According to the November 29, 2023 edition of E&E Daily, Senator Shelley Moore Capito (R-W. VA), the ranking member of the Senate Environment and Public Works Committee and one of the bill’s original sponsors, the ADVANCE Act was met with procedural objections from lawmakers in the House Energy and Commerce Committee over the inappropriateness of the civil nuclear power provisions in a national defense authorization bill—unless it goes through a thorough hearing process and a full committee markup.  E&E Daily quoted Sen. Capito to say, “‘It’s not over till it’s over, but it’s not in the final package.”

E&E Daily further reports that the same procedural hurdles that have ensnared the reauthorization of the Price-Anderson Act could very well entangle additional nuclear power legislation inserted in the national defense authorization bill including the “Nuclear Fuel Security Act” which would increase the domestic supply of reactor fuel of both low enriched uranium (3% to 5% enriched U-235)  and particularly new reactor fuel High Assay Low Enriched Uranium, also known as HALEU, (between 5% up to 19.9% enriched U-235). HALEU is presently only commercially available from Russia.

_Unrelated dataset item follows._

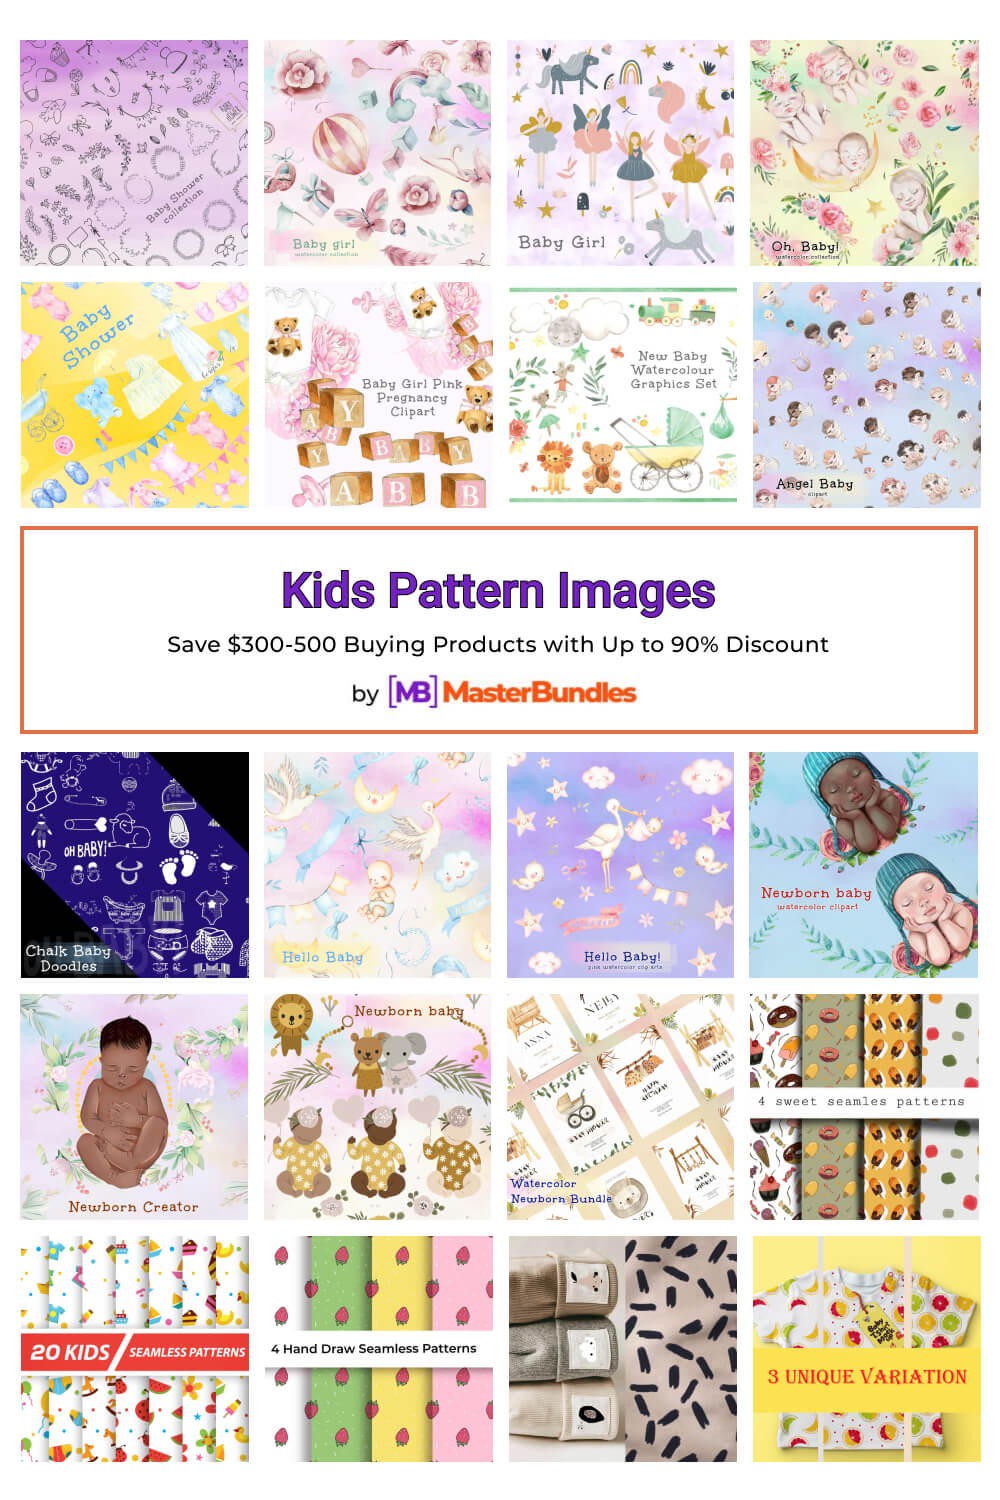 kids pattern images pinterest image.
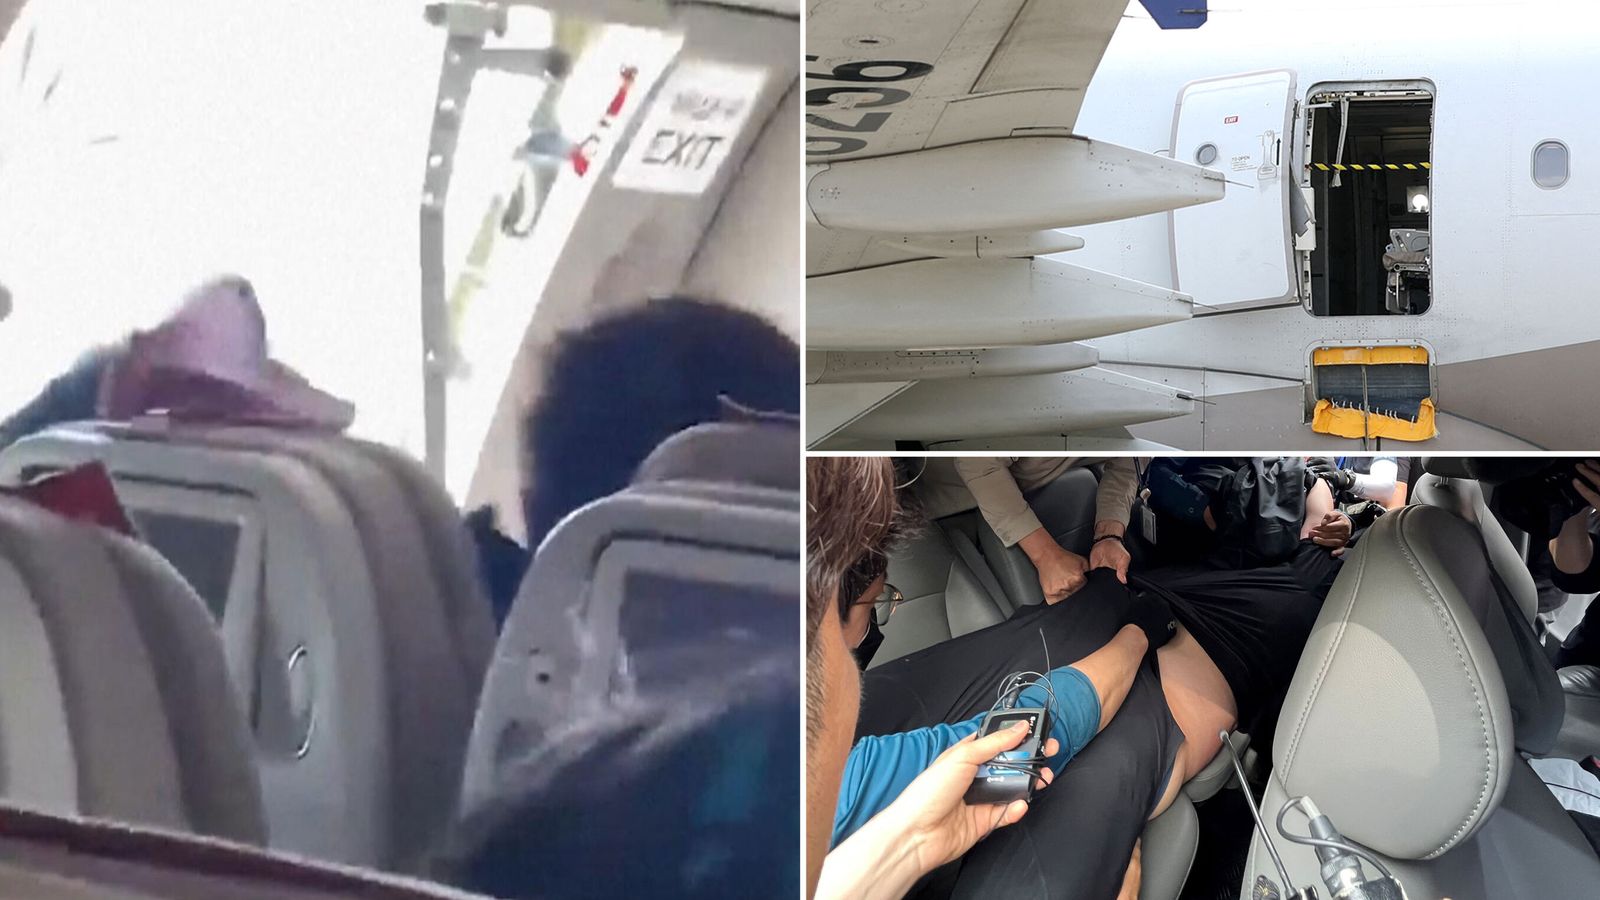 Passenger arrested after plane door opened mid-flight explains he felt 'uncomfortable'

According to the US Department of Energy, January 2023, the Price-Anderson Act under Section 170e presently “establishes a limit of $10 billion, adjusted every five years for inflation, on the aggregate amount of legal liability for any one nuclear incident within the United States.” Adjustment of Indemnification Amount for Inflation, 83 Fed Reg. 49,374 (Oct. 1, 2018) (adjusting the statutory public liability limit to the present $13.7 billion).” Certain “nuclear incidents” outside of the United States are indemnified up to $500 million.